Merging dataframes based on ranges that are defined by columns

I have two dataframes. One has some probability brackets.
df1 = pd.DataFrame({'ProbabilityBrackets' : [0,0.50,0.75,1.0,0.75,0.90,1.0,0],\
'Group' : pd.Categorical(["test","test","test","test","train","train","train","train"]),'Destination' : pd.Categorical(["-","A","B","C","AA","BB","CC","-"])})
Destination Group ProbabilityBrackets
0 - test 0.00
1 A test 0.50
2 B test 0.75
3 C test 1.00
4 AA train 0.75
5 BB train 0.90
6 CC train 1.00
7 - train 0.00
The other dataframe has some random numbers and the group column.
df2 = pd.DataFrame({'randomnumbers' : [0.2,0.15,0.78,0.35],\
'Group' : pd.Categorical(["test","train","test","train"])})
Group randomnumbers
0 test 0.20
1 train 0.15
2 test 0.78
3 train 0.35
Now, I need to merge the two dataframes together by both group and based on the probability brackets. Merging by group is trivial. The challenging requirement is merging by based on probabilitybrackets and random numbers. A random number in df2 should be mapped to the smallest probability bracket that is larger than itself. E.g., test 0.2 in df2 is mapped to test 0.5 in df1. test 0.78 in df2 is mapped to test 1.0 in df1.
I did it as follows, which works well and :
for group in ['test','train']:
brackets=df1[df1['Group']==group].sort_values(by='ProbabilityBrackets')['ProbabilityBrackets'].unique()
bracketlabels = brackets[1:] #remove the first element of the list. (e.g., remove 0 from (0,0.5,1))
df2.loc[df2['Group']==group,'ProbabilityBrackets']=pd.cut(df2['randomnumbers'],brackets, labels=bracketlabels) #assign random numbers to the brackets so that we can easily merge them with df1
df3=df2.merge(df1,on=['Group','ProbabilityBrackets'],how='left')
It generates the following output, which is what I want but it is slower than I want because I have thousands of groups in my dataset. Is there a way to do it faster in a pythonic way?
Group randomnumbers ProbabilityBrackets Destination
0 test 0.20 0.50 A
1 train 0.15 0.75 AA
2 test 0.78 1.00 C
3 train 0.35 0.75 AA

You can try this.
# Step 1
df_m = df2.merge(df1, on="Group", how="outer")
# Step 2
df_m["diff"] = df_m["randomnumbers"] - df_m["ProbabilityBrackets"]
# Step 3
df_m_filtered = df_m[df_m["diff"] < 0].set_index(
["Destination", "ProbabilityBrackets"])
# Step 4
df_desired = df_m_filtered.groupby(
["Group", "randomnumbers"])["diff"].nlargest(1).reset_index()
index Group randomnumbers Destination ProbabilityBrackets diff
0 0 test 0.20 A 0.50 -0.30
1 1 test 0.78 C 1.00 -0.22
2 2 train 0.15 AA 0.75 -0.60
3 3 train 0.35 AA 0.75 -0.40
Explanation:
Begin with an outer merge
Calculate differences between randomnumbers and ProbabilityBrackets
Filter the results with condition df_merged["diff"] < 0 as we are interested in finding those whose randomnumbers is smaller than ProbabilityBrackets
Groupby ["Group" and "randomnumbers"] and find the one with the largest diff within each group.
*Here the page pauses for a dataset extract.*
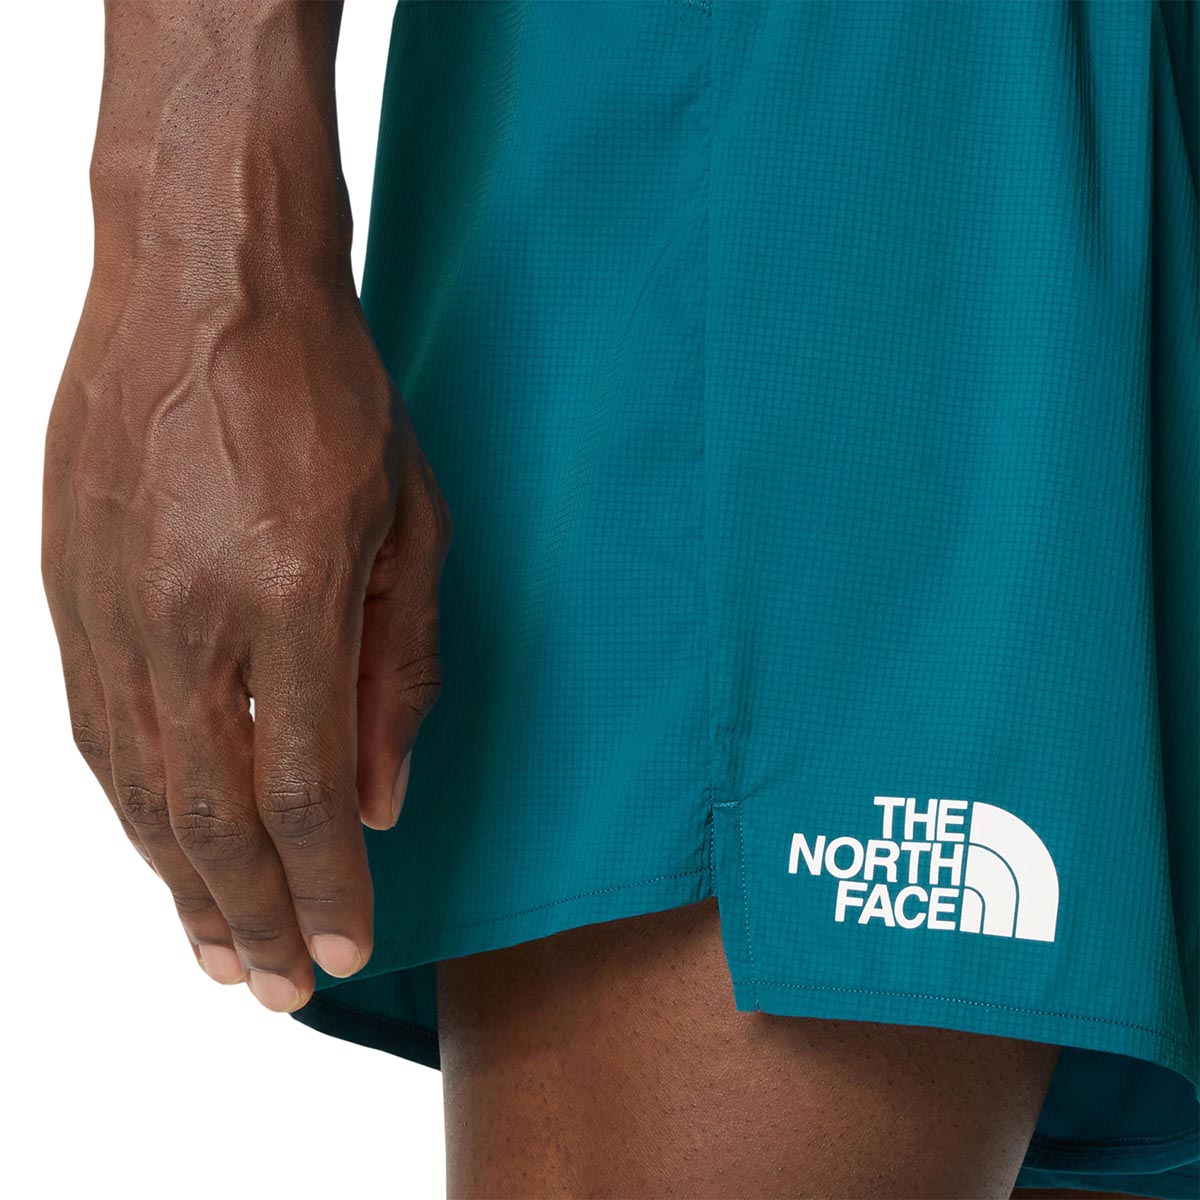 THE NORTH FACE - SUMMIT PACESETTER 5

Comparing “Group” for every element in df2 to every element in df1 is a lot of unnecessary string comparisons. You could instead try putting all the elements of df1 into a dictionary with Group as the key and having lists of (ProbabilityBrackets, Destination) tuples as the values. When inserting each element from df1, insert the tuple into the list maintaining the sort by ProbabilityBracket so that you don’t have to sort it again. Then you can retrieve the appropriate (ProbabilityBracket, Destination) for each element in df2 by looking in the dictionary by Group and performing a binary search on the list by ProbabilityBracket.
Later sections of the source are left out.